Deepwater Horizon

Deepwater Horizon Oil Spill Capped: Here’s the So What.

This week the Deepwater Horizon Response team successfully capped the leaking well with its team of Remote Operated Submarines. While it is still not certain that these caps will hold, or entirely end the disaster, it marked the first time since April 20th, that oil stopped leaking into the Gulf.


A look at BP’s live feeds of the spill, is indeed a sight for sore eyes.
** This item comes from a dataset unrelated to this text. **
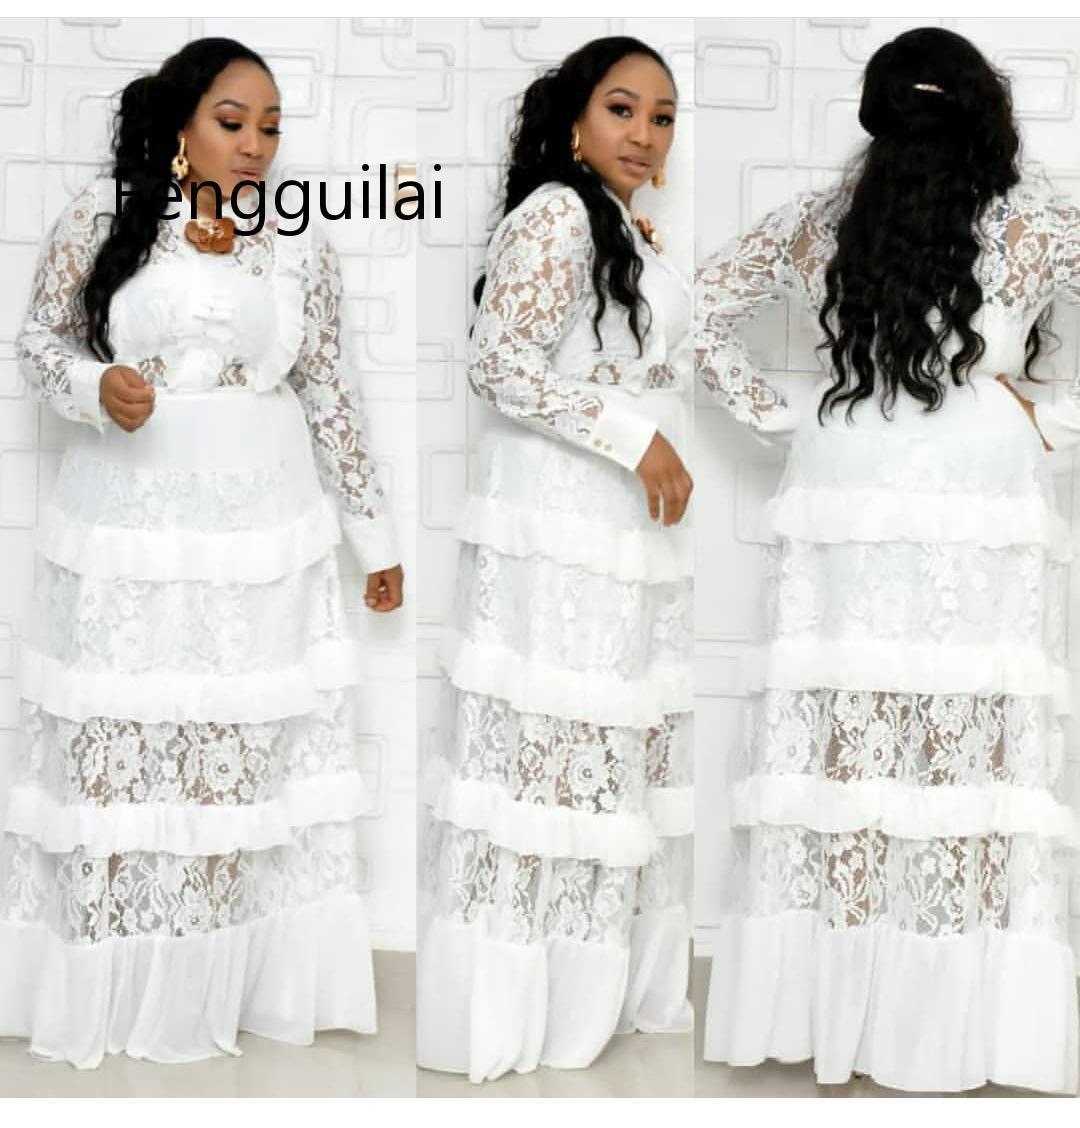 FENGGUILAI 2020 Big Size New Style Classic African Women's Dashiki Fashion Lace Fungus Edge Stitching Long Dress Cupcake Dress

A look at the most recent Google Earth imagery, however, is still an eyesore.


After 87 days, and more than 90,000,000 gallons of oil spilled, this is certainly a cause for tempered celebration, as if we were a triple amputee, elated at the fact that we get to keep our final limb.

The Gulf is now four days free of additional leaking, yet the figure of 581 miles of oiled shoreline, is a guarantee to increase. Seven thousand vessels and 40,000 hands remain deployed on cleanup process, with years of work ahead.
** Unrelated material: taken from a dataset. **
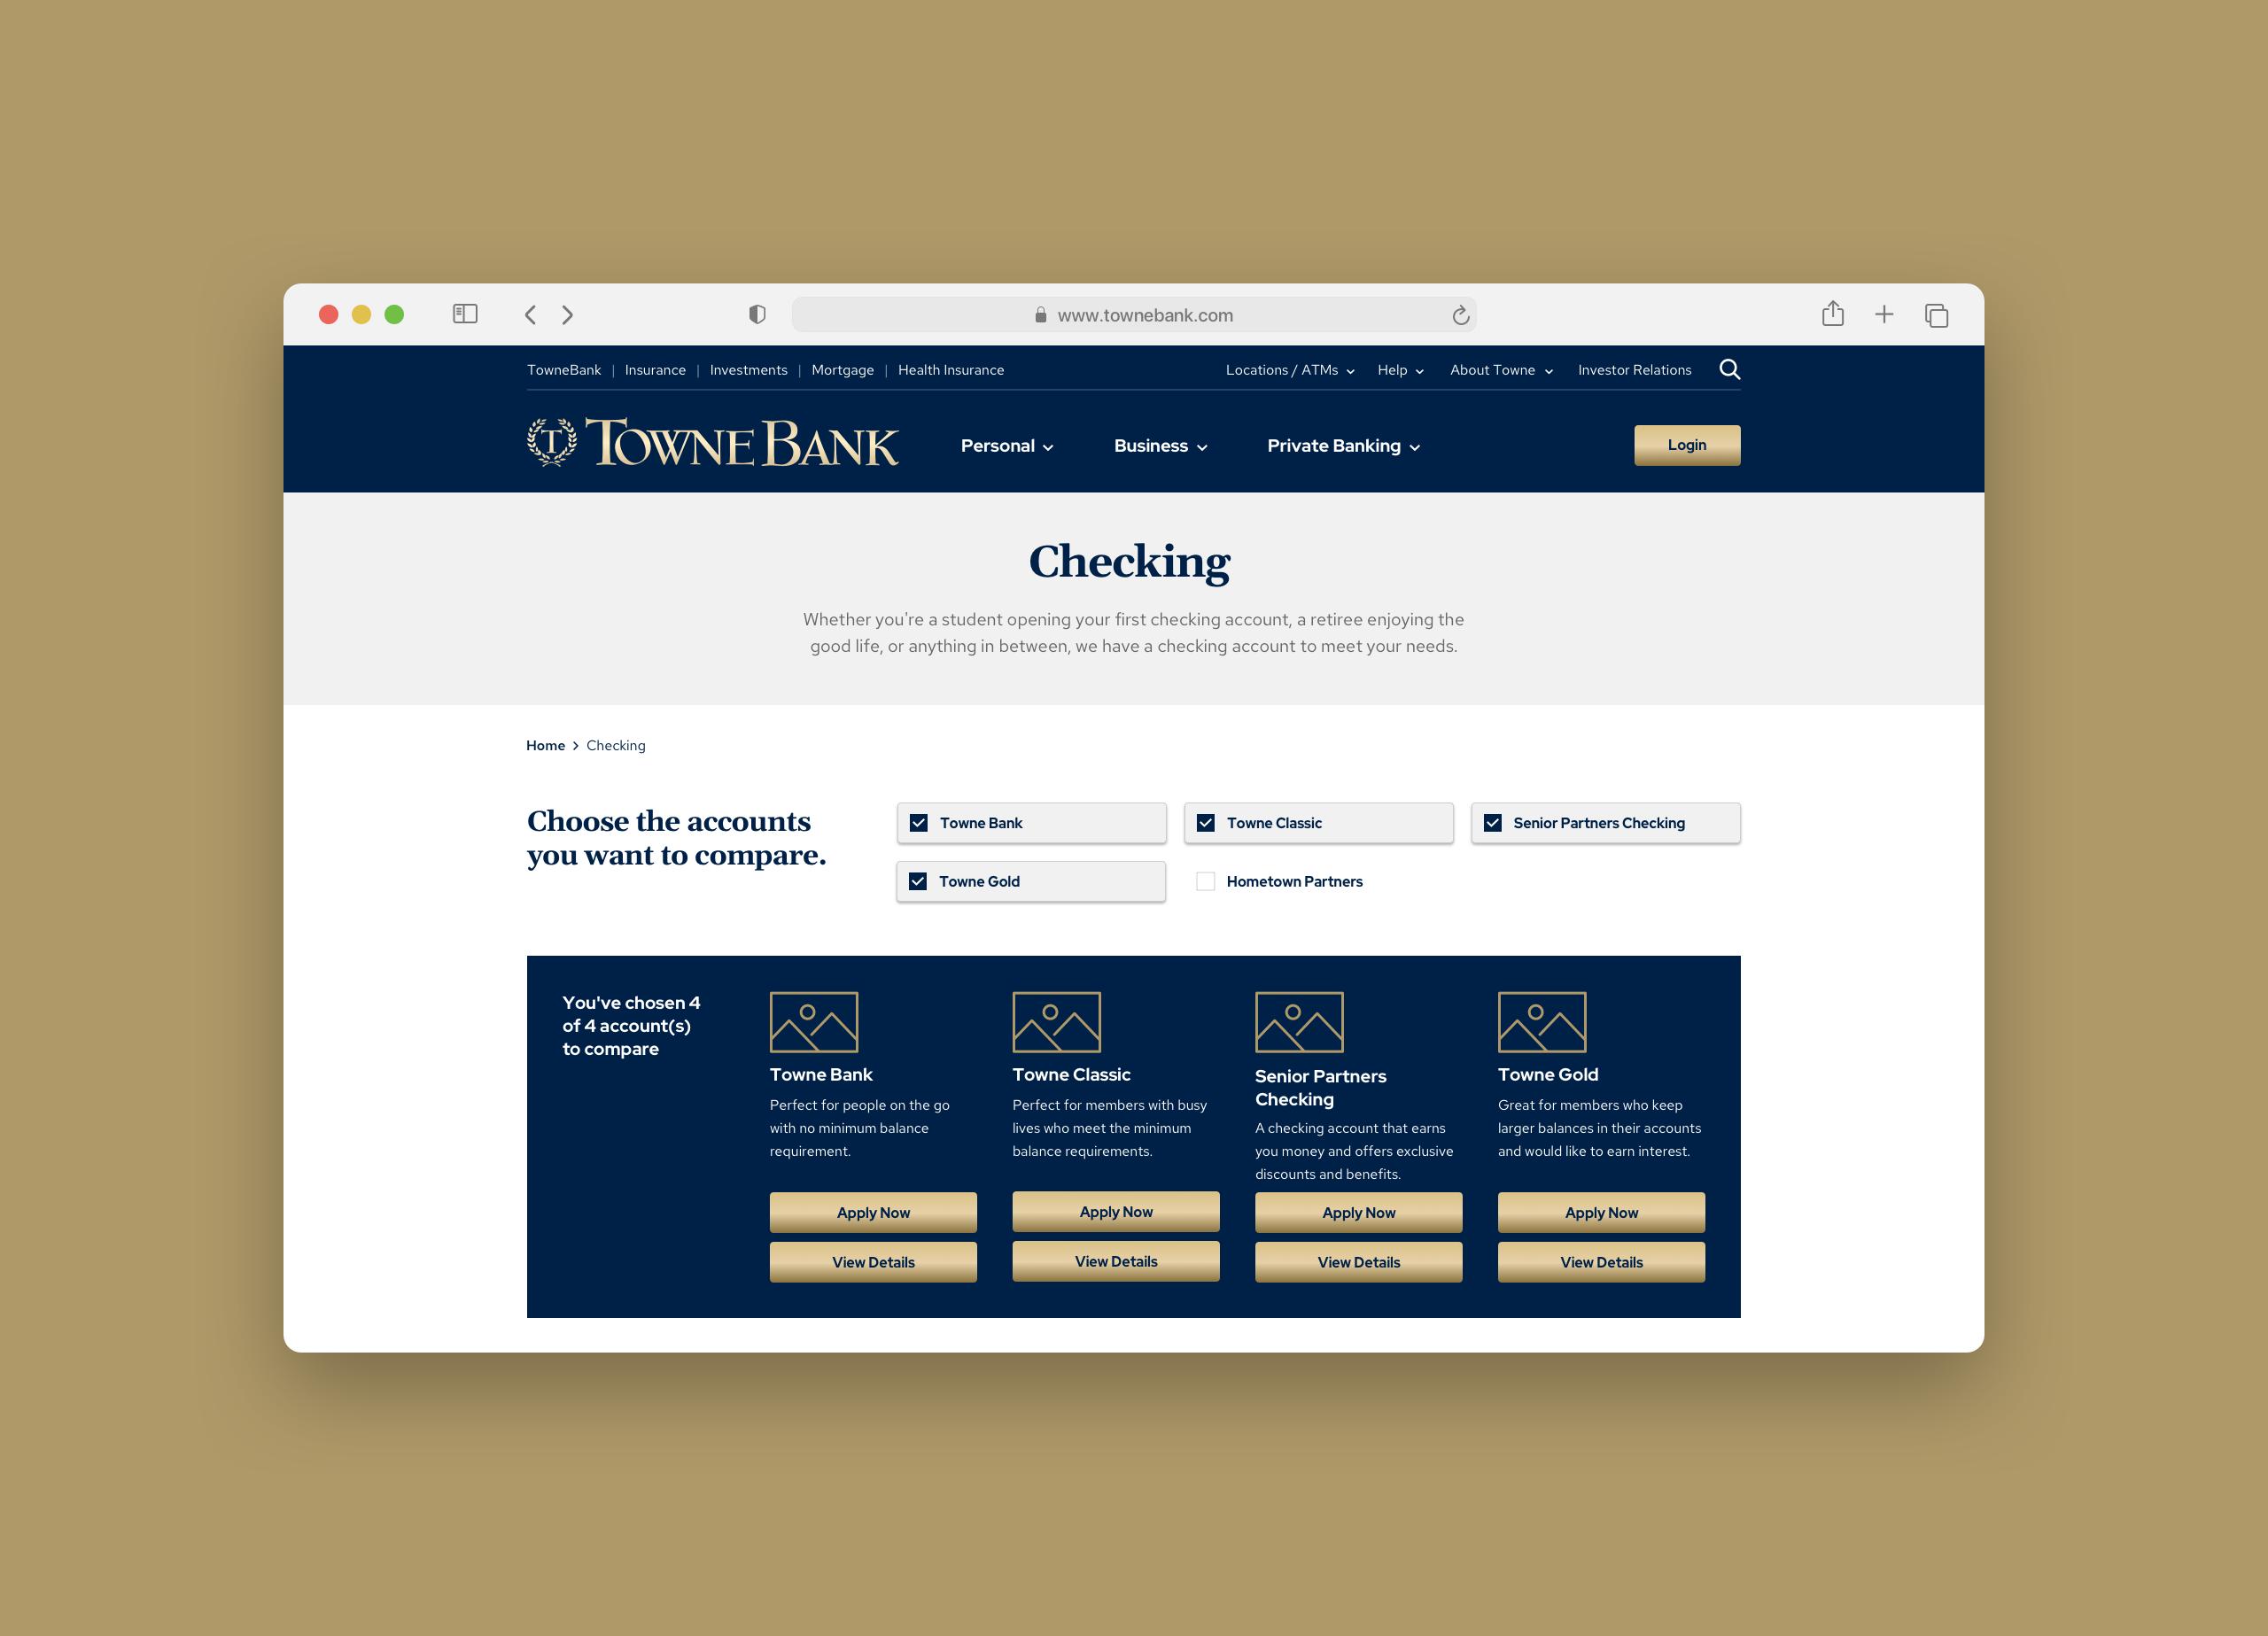 TowneBank Product Comparison Zoom

As of July 12, BP spent an estimated 3.5 Billion on its cleanup processes. This is actually a meager figure, considering their average annual revenue exceeds 12 billion.

Imagery from the day before the end of the spill from MODIS/Skytruth shows a significantly lessened sheen on the surface from a month ago:


Surface reports, however, are a tempered method of assessing the damage. Much of the accessible oil on the surface was burned off in the largest “controlled burns” since the first Gulf War. The these burns have created elevated levels of Methane, Hexane, and other Neurotoxins in the air from New Orleans to Florida. An artist, quoted in the Christian Science Monitor, compares the smell to huffing oil paint.

What comes up, must come down, and now the Gulf States will have to content with exponentially larger quantities of sulfur dioxide in their rainfall, leading to a contamination of inland freshwater ecosystems.

The sheen is at its most megalithic below the surface, with slicks the size of small states. While the surface is certainly clearer, the effects are starting to make themselves known up the Atlantic Coast.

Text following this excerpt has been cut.